I want to be loved by someone beautiful, asian, young and rich. I suspect I am somewhat in love with Kim Hyun Joong. (Not that he's rich...but really why am I falling in love with some pop star at my age?) But Ben is such a healing force for me.
If I can manage to put all that love into Ben's character, some part of me will be healed...although I've got to say that it does make me vulnerable to put all my love for Ben into the novel. But hey, that's what makes my novels work. My heart is there for all to see and mock or commiserate with.
Maybe all older women in the west are going through this phase. A coupla days ago I was so crushed. I felt very old, bvery black, very sickly, very ugly and kept thinking now I have moved out of beauty...because older women fall off the beauty bar...and older black women are not really considered beautiful anymore. We have to deal with that. It's partly because of society, and it's partly because of the media, and part of the male-run world which is based on male hormones. For whatever reason, God created a world where men can discard older women yet they themselves remain sexual so they can sow their wild oats (hence they need young women and are attracted to them, and to youthful women.)
In just 20 years I have become an old woman. It is all very devastating.
And I have not had the youth I should have had.
To have lived the past 25
with grief, ill health, money issues .. old before my time one might say...
with no chance of restoration
even if i become very rich and famous now,
the joys i could have had..had i been able to sleep, had I been healthy, had I had money, had I had good friends, had I had fame.
had i been healthy
Those days are gone
One can't conquer MT Everest when one is 79
so it's a kind of female mid life crisis
my mother died when she was 68 or so. How long do I have?
Funny thing is, I don't want to be madly-inlove with.
but something must be done,must be felt, to redeem this life that has been so hard, so lonely and so unloved.
And now to fall away from the definition of beauty because I've gotten old....well, i would so like to be loved by some good gorgeous guys
(which is odd because we will all be gorgeous in heaven and we will all be individually and passionately loved by everyone.)
There is also that part of me that was rejected as a kid, rejected as an adult by the inlaws.
So some female part of me wants that love I should have had, and some womanly part of me so desires that part of me that was rejected by the in-law's family. All my writings are focused on healing those rejections. All these families formed inside longhouses, all these families formed inside and outside and beyond blood families.
I am very focused on the male characters in my book. Partly because women have wounded me so much. Partly because I have sons. Partly because male pain has always interested me (from seeing all those 60's and 70's movies by white male writers about white men and white boys.) I really suspect that watching Hamlet and Edmund did more to affect my creative interest in writing about men than my own issues. Yet, my own issues are definitely in the mix.
A feminist white female writer friend thinks i need to focus more on strong women
A black male writer friend says that as well
but I want to show my own issues and the issues I've seen in the lives of other women.
A) how women are pulled along in men's wake
our desire is to our husband
how marriage pulls you into a lot of grief because of the in-laws and the family one has married into.

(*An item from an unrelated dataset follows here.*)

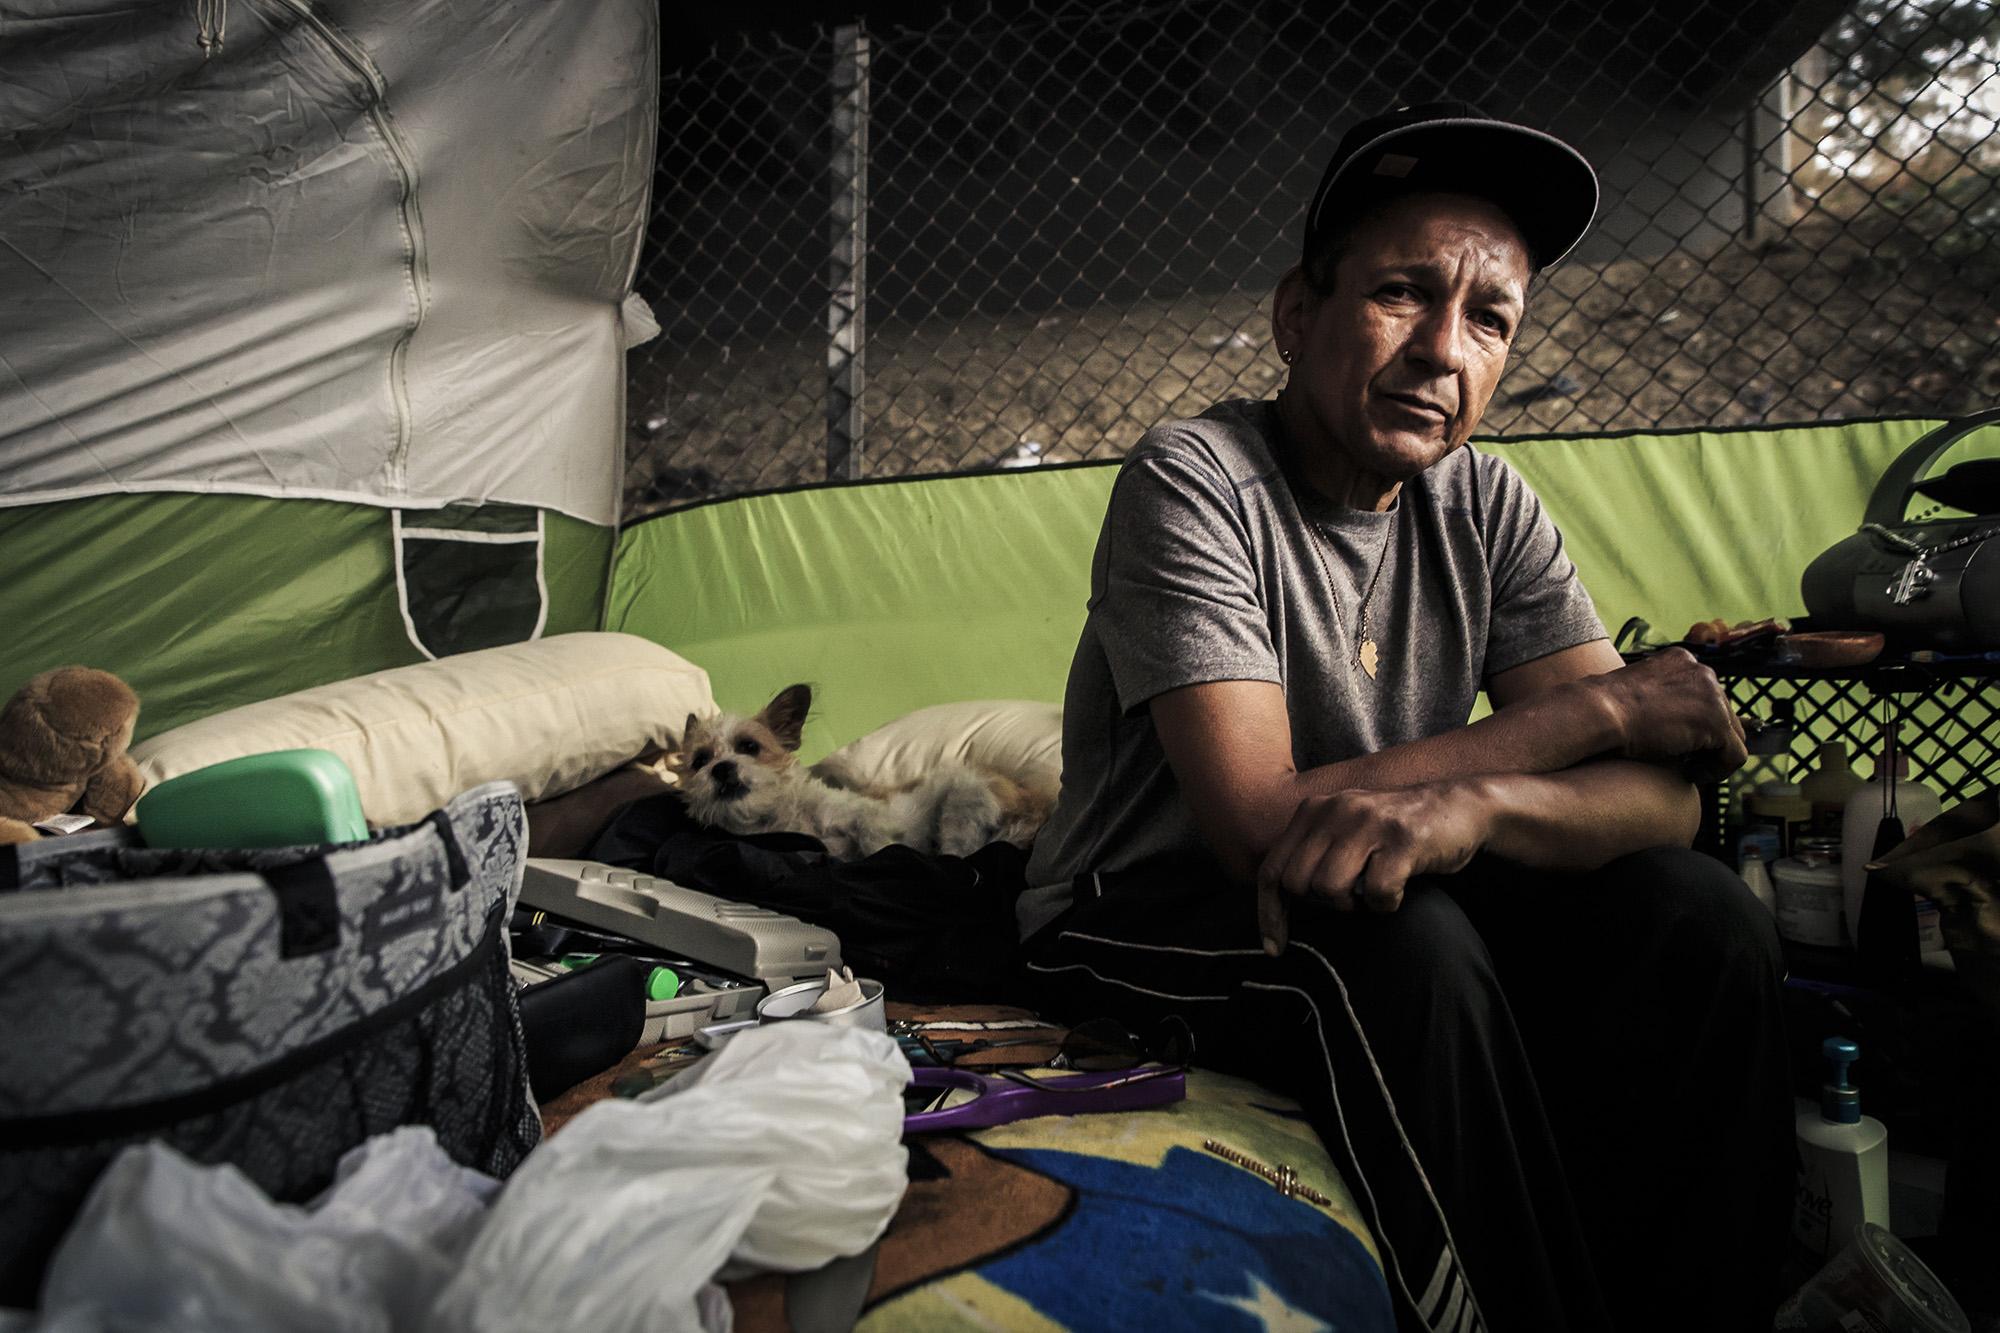 criminalization of poverty in capitalist america essay

Oh sure one can have great feministy souls
who divorce their men or who don't get into these situations or who aren't affected by the clan they've married into
but this is rare even among feminists (Witness Simone and Camus.)

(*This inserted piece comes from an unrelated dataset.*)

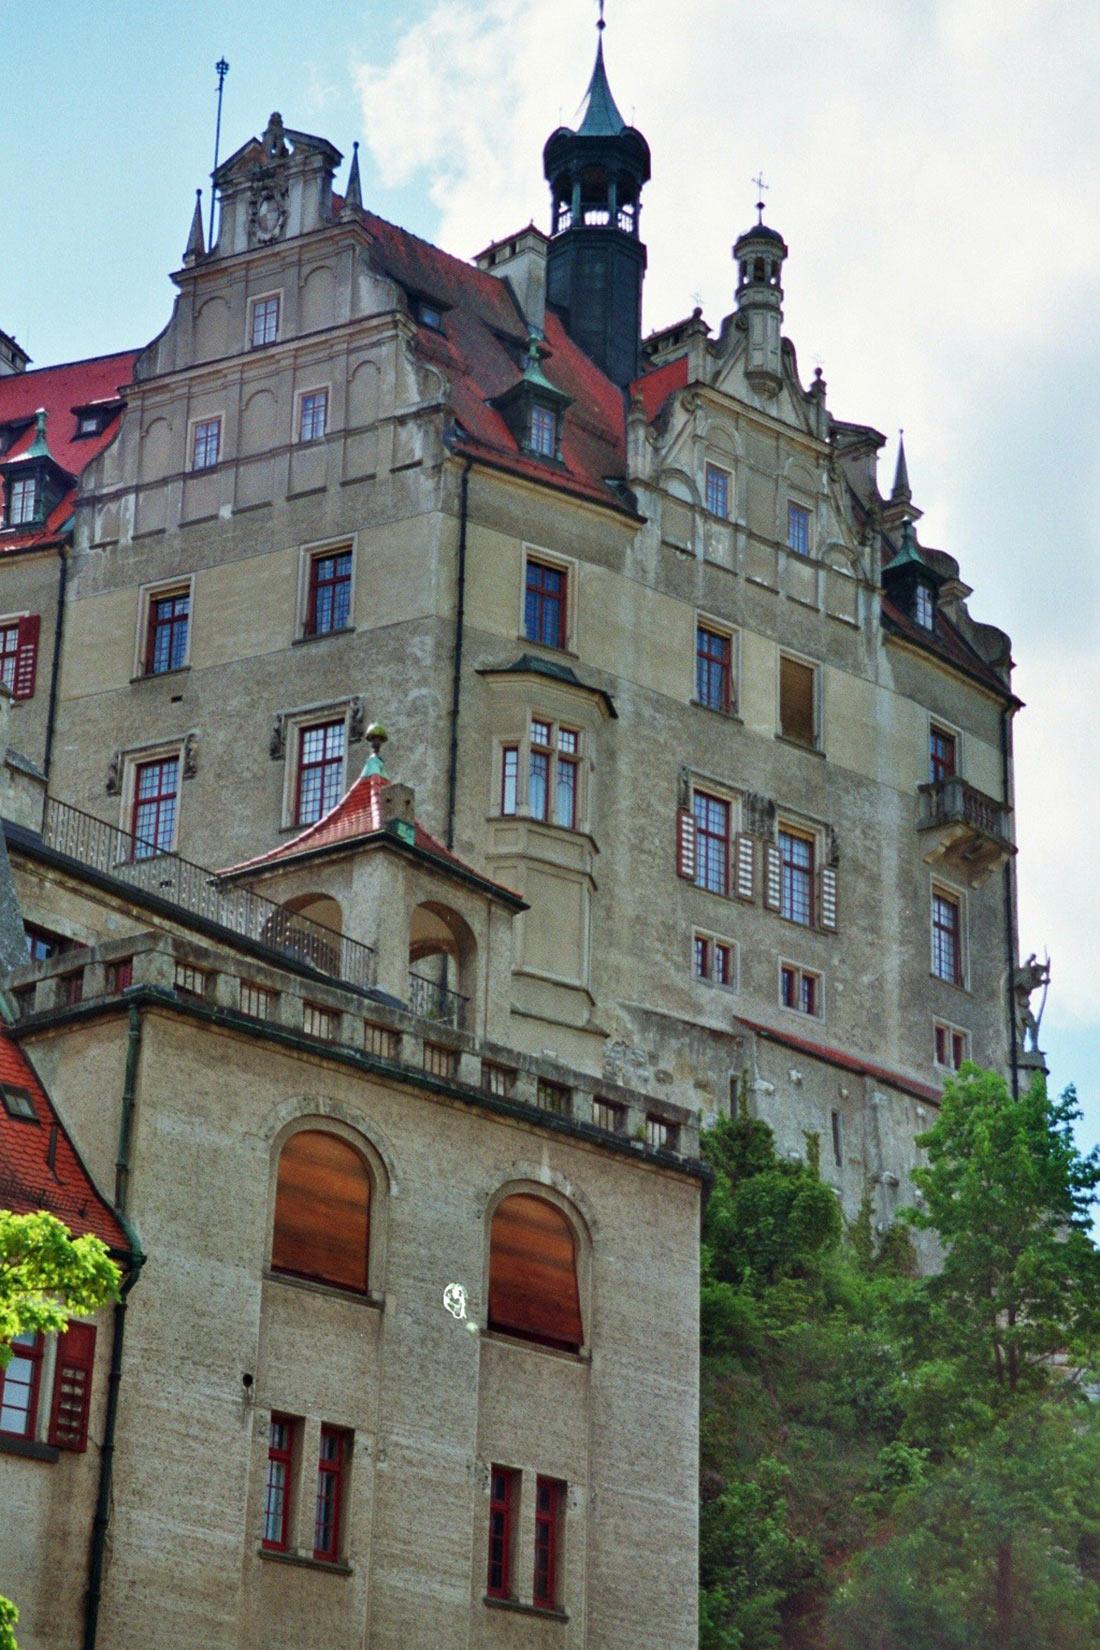 Замок Гогенцоллернов Зигмаринген

The plain truth is that the average women
have a life that feminists don't show
because feminists get so caught up in showing empowered women
but women around the world don't have all that western middle-class privilege
And for a black male writer to tell me my women are weak is also wrong. I simply do not care to show women with lances, shields, and hottie armor. I want to show normalcy.

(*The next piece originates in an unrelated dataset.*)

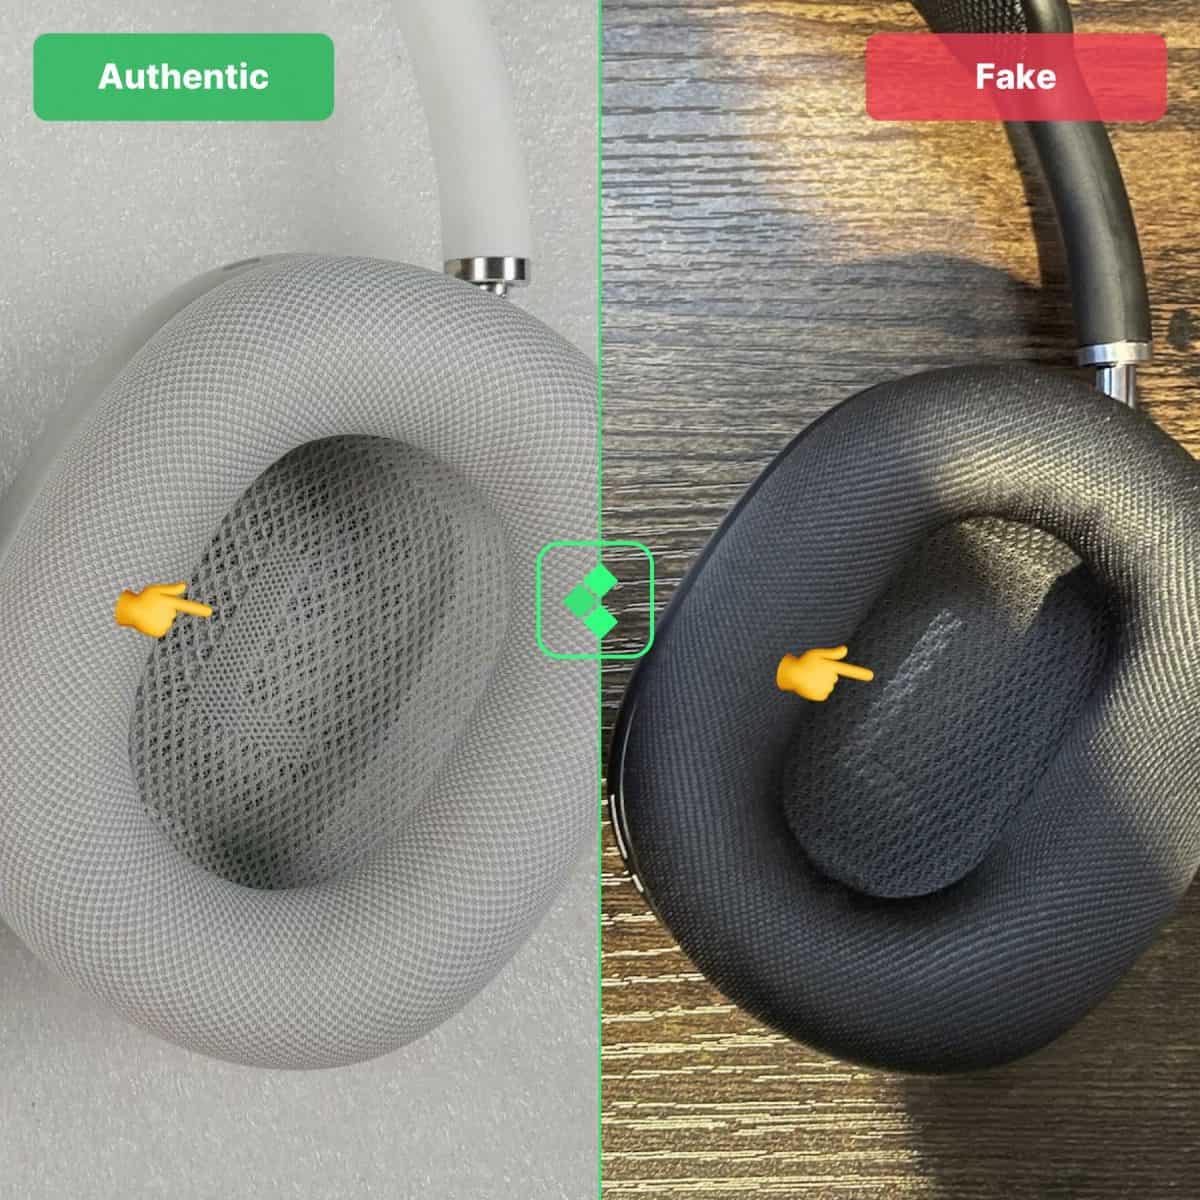 airpods max super copy vs real

Even so, I think it's pretty feministy of me to want to show how badly women have it (but apparently i'm all wrong to do that.)
And I get pretty slammed as well, I think, when I focus on
how men suffer at the hands of the male societal ideals.
Psal and Ephan in Constant Tower and Loic in Wind Follower really have a tough time in the warrior world
so that should've pleased feminists because I was concerned with gender issues and male pain.
I con't... I can't really write to preach
If I preach, my preaching is to show reality.
I can't write to "show" women what they should do or to show women as strong or christians or good or noble nubian warrior queens
I just can't do it
i seem called to sow realityall this shoulda coulda idealism crap can get in the way
particularly when it prevents you from enjoying what you have
or from showing the pain of a present situation.
And should I not write about black women's pain and weakness and sadness just because white women have done it all? And should I not write about weak sad black women because black men want Nubian well-adjusted warrior princes?
Seriously, white women may find it old hat to have their vaginas praised and put on pedestals. The vaginas of black women my age were never praised. While white women were getting annoyed at having men hold doors for them and were tired of being enslaved to rich houses in the suburbs, we black women were not considered sexy or beautiful and were pictured as whores. And I?? What has happened to me? Old... old... and suddenly an old black woman in this sad world.